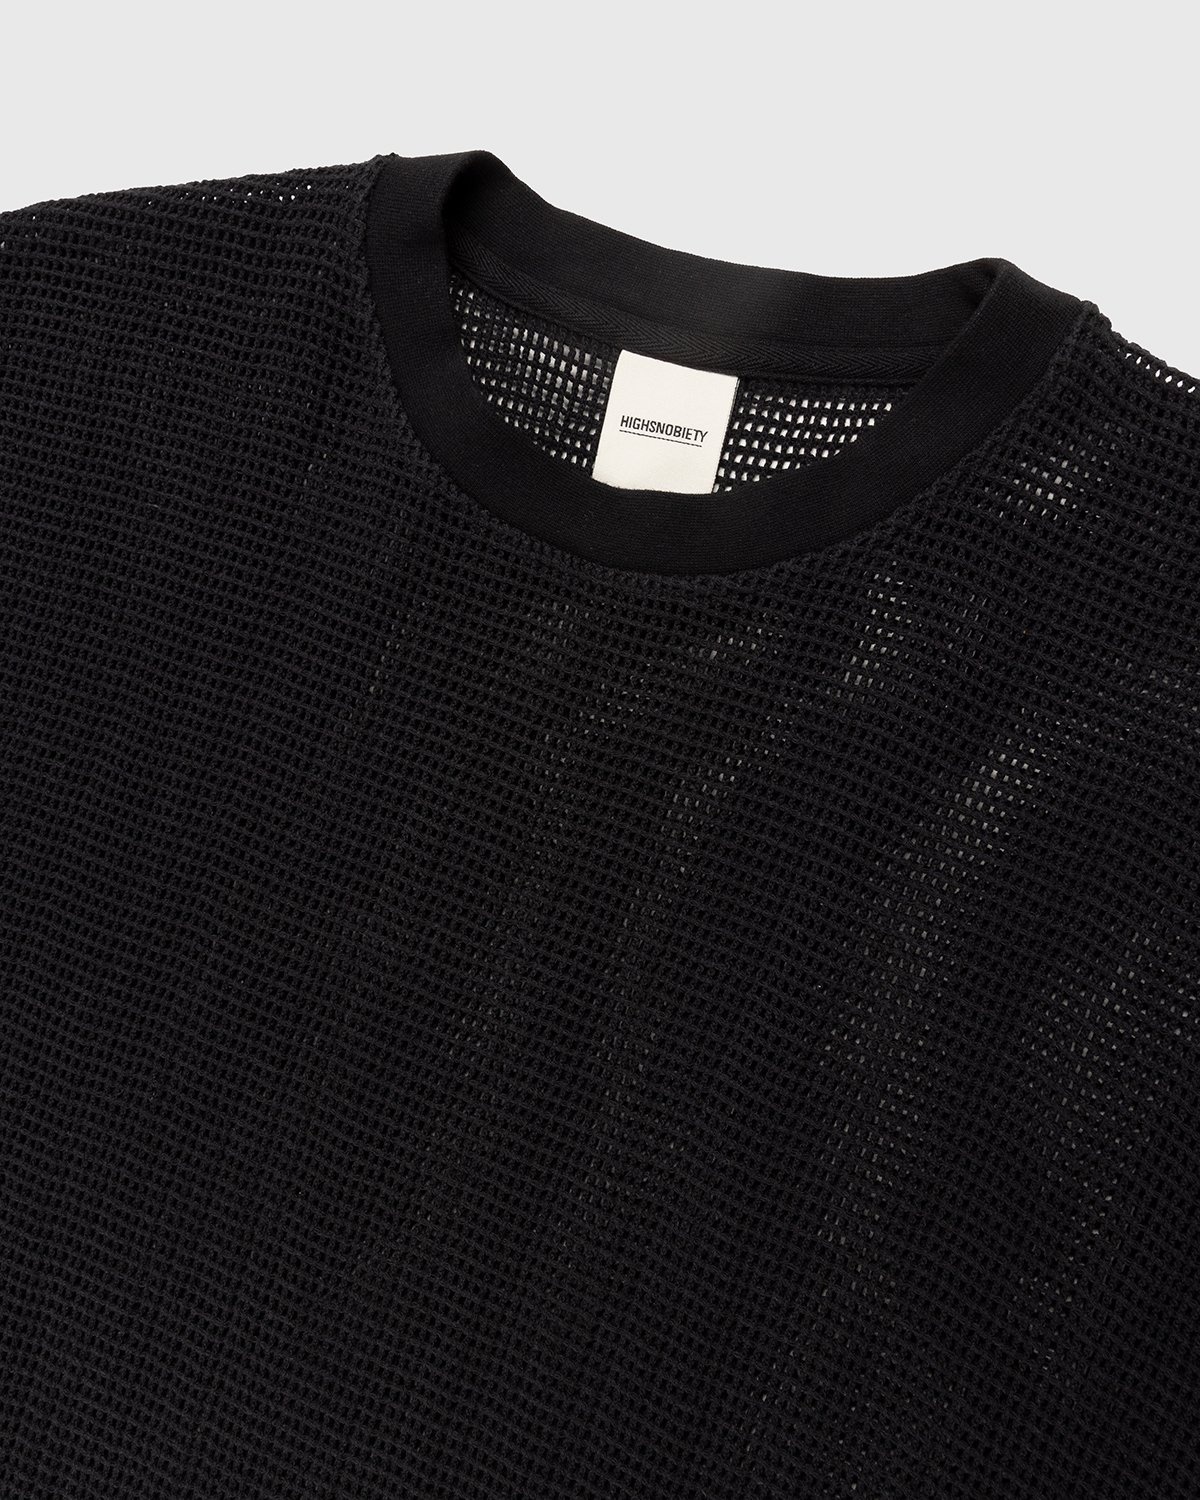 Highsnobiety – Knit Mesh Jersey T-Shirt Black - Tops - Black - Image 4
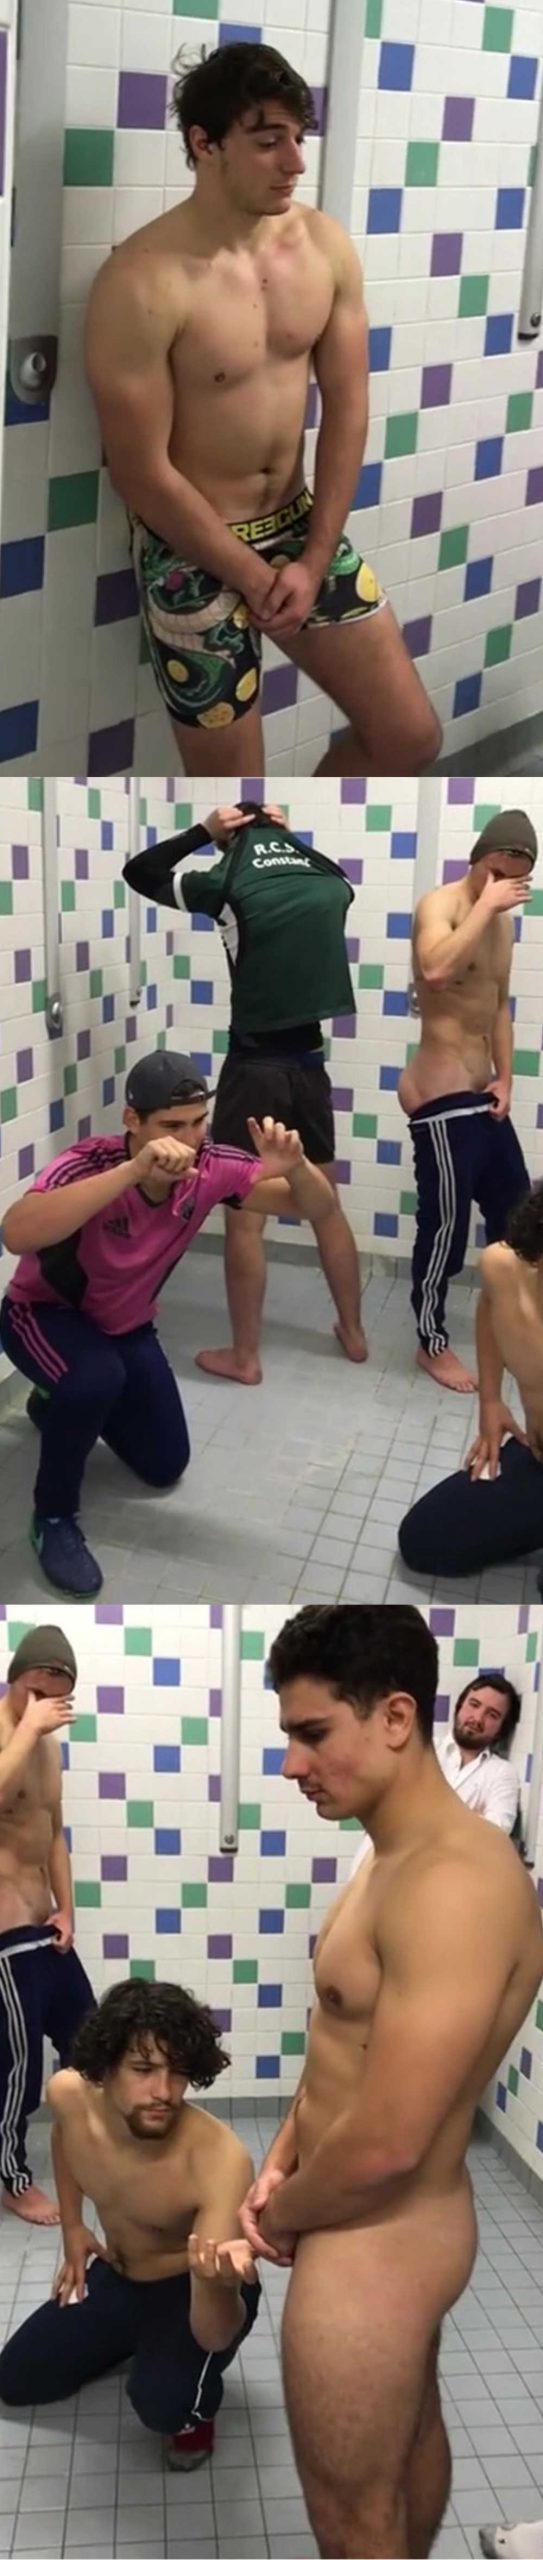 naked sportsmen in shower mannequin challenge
--
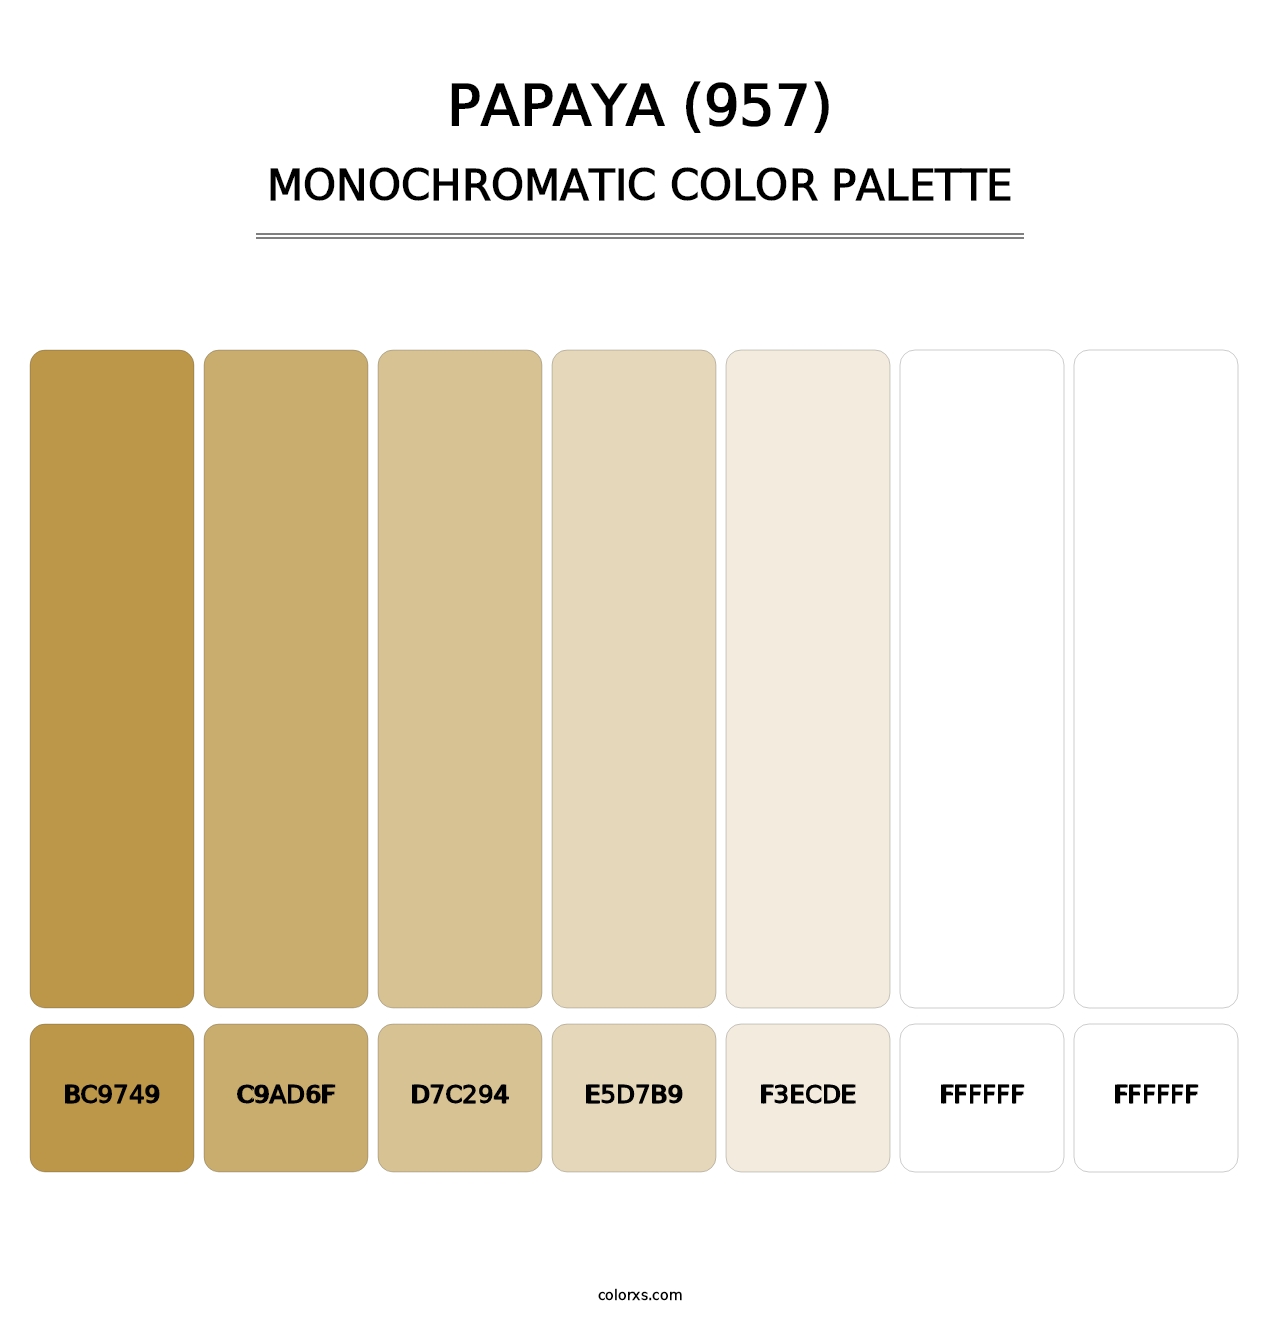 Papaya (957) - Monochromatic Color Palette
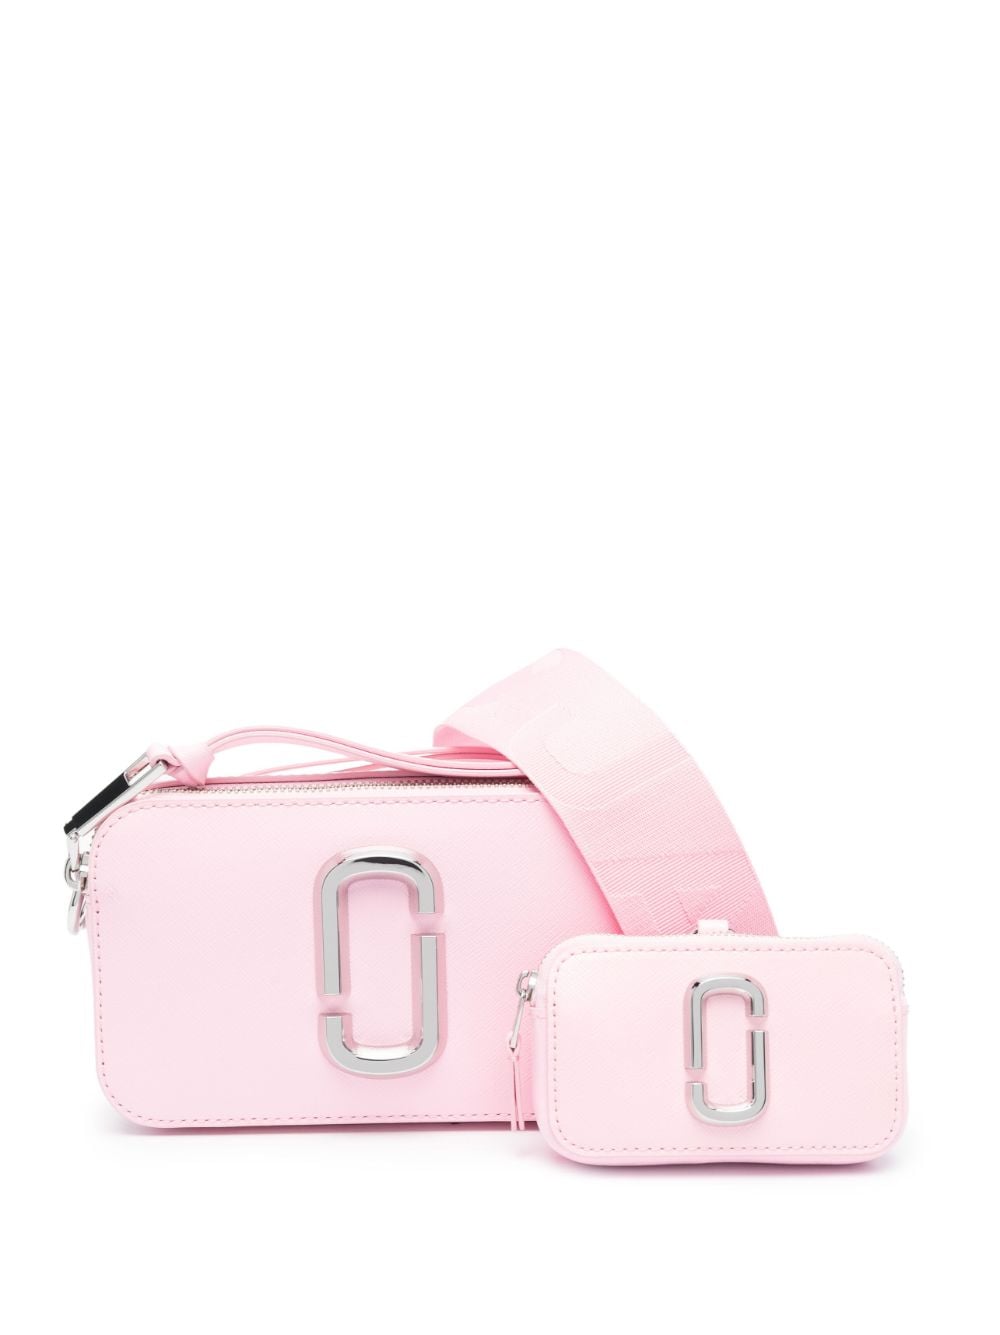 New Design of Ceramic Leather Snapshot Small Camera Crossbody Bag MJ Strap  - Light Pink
==
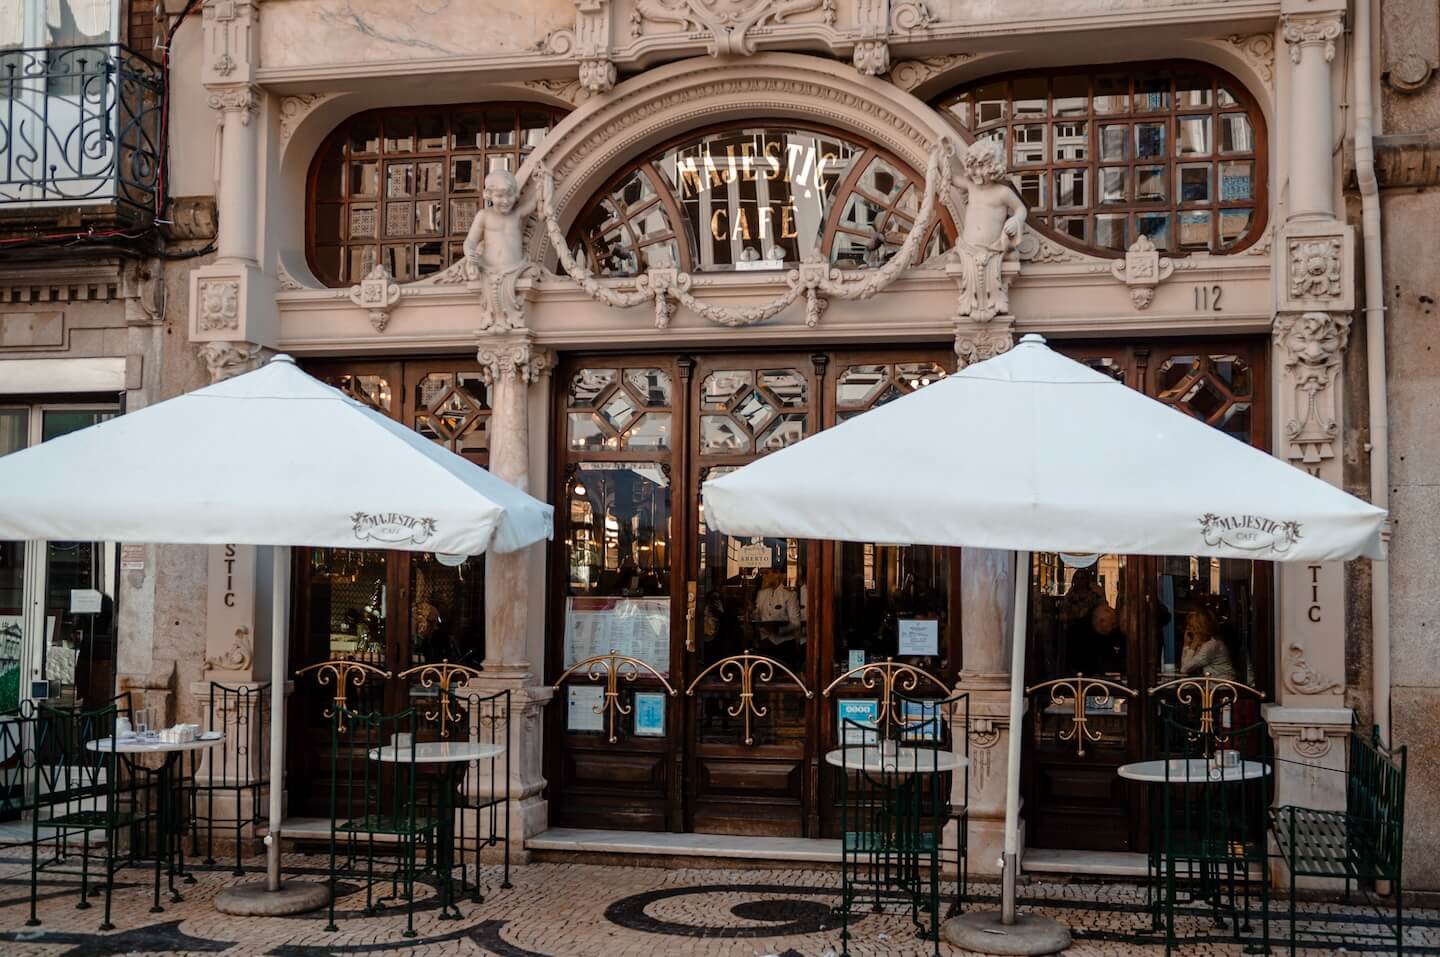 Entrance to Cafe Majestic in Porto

Task goal -
Look above for the line with "Highsnobiety – Knit" and the line with "naked sportsmen in". Output those two and everything between them exactly, pictures excluded.

Task answer -
 Highsnobiety – Knit Mesh Jersey T-Shirt Black - Tops - Black - Image 4
 naked sportsmen in shower mannequin challenge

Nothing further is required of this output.